Objectives: The purpose of this study was to evaluate whether structural left ventricular (LV) abnormalities can be observed in hypertrophic cardiomyopathy (HCM) mutation carriers who have not yet developed echocardiographic signs of hypertrophy by using cardiac magnetic resonance imaging (CMR).

Background: Hypertrophic cardiomyopathy is caused by mutations of genes encoding for sarcomeric proteins. Myocyte disarray and interstitial fibrosis precede the development of regional hypertrophy in HCM mutation carriers (carriers). No macroscopic LV structural abnormalities have been observed in carriers without LV hypertrophy.
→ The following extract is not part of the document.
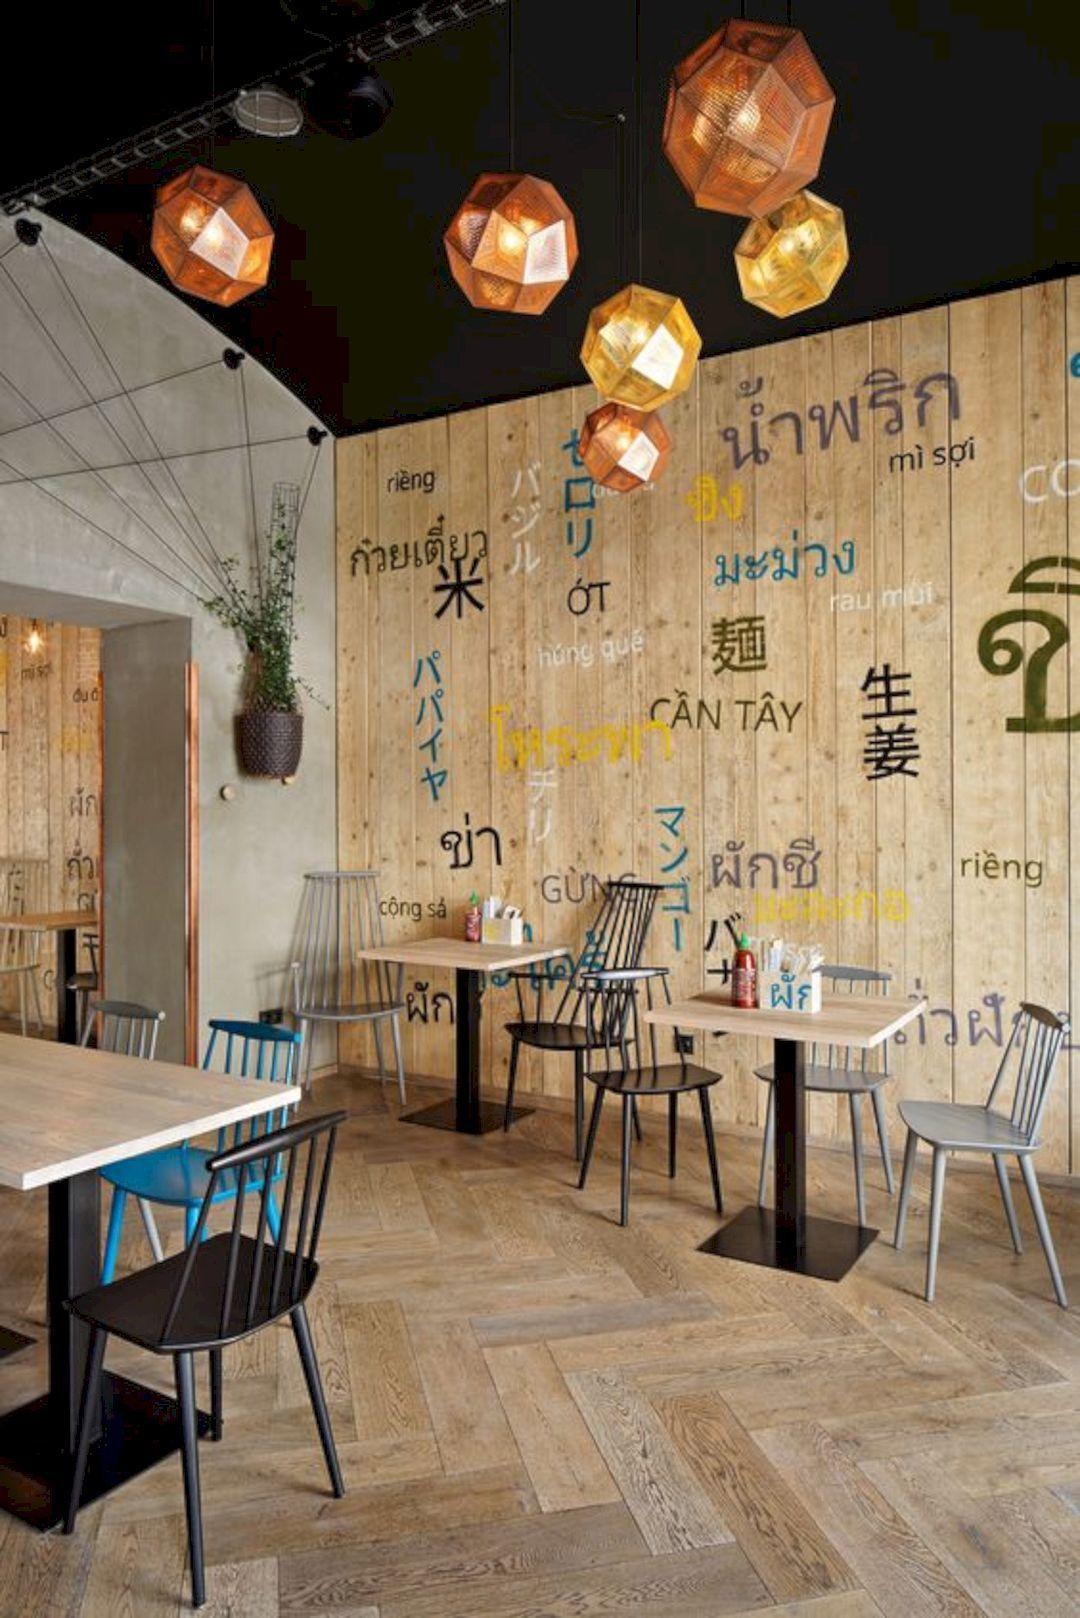 15 Stylish Interior Design Ideas for Thai Restaurant | Thai ...

Methods: A CMR, echocardiogram, and electrocardiogram (ECG) were performed in 16 carriers. Delayed contrast enhancement imaging was used with CMR to detect fibrosis. In 16 age- and gender-matched control subjects, CMR and ECG were performed and an echocardiogram was made when structural abnormalities were detected with CMR. All carriers had an LV wall thickness <13 mm in the year before the study, measured by echocardiography.

Results: In 13 carriers (81%), crypts were discerned with CMR in the basal and mid inferoseptal LV wall, not detected by routine echocardiography and not observed in healthy volunteers. In 4 of the crypt-positive carriers, both the echocardiogram and ECG were normal. Two HCM carriers revealed regional hypertrophy of the inferoseptum not detected by echocardiography, and in both carriers, focal fibrosis was present.

Conclusions: In carriers who have not yet developed frank hypertrophy, crypts can be detected with CMR in the inferoseptal LV wall, even when echocardiography and ECG are normal. The crypts might represent one of the early pathological alterations of myocardium in carriers that ultimately progress into manifest HCM.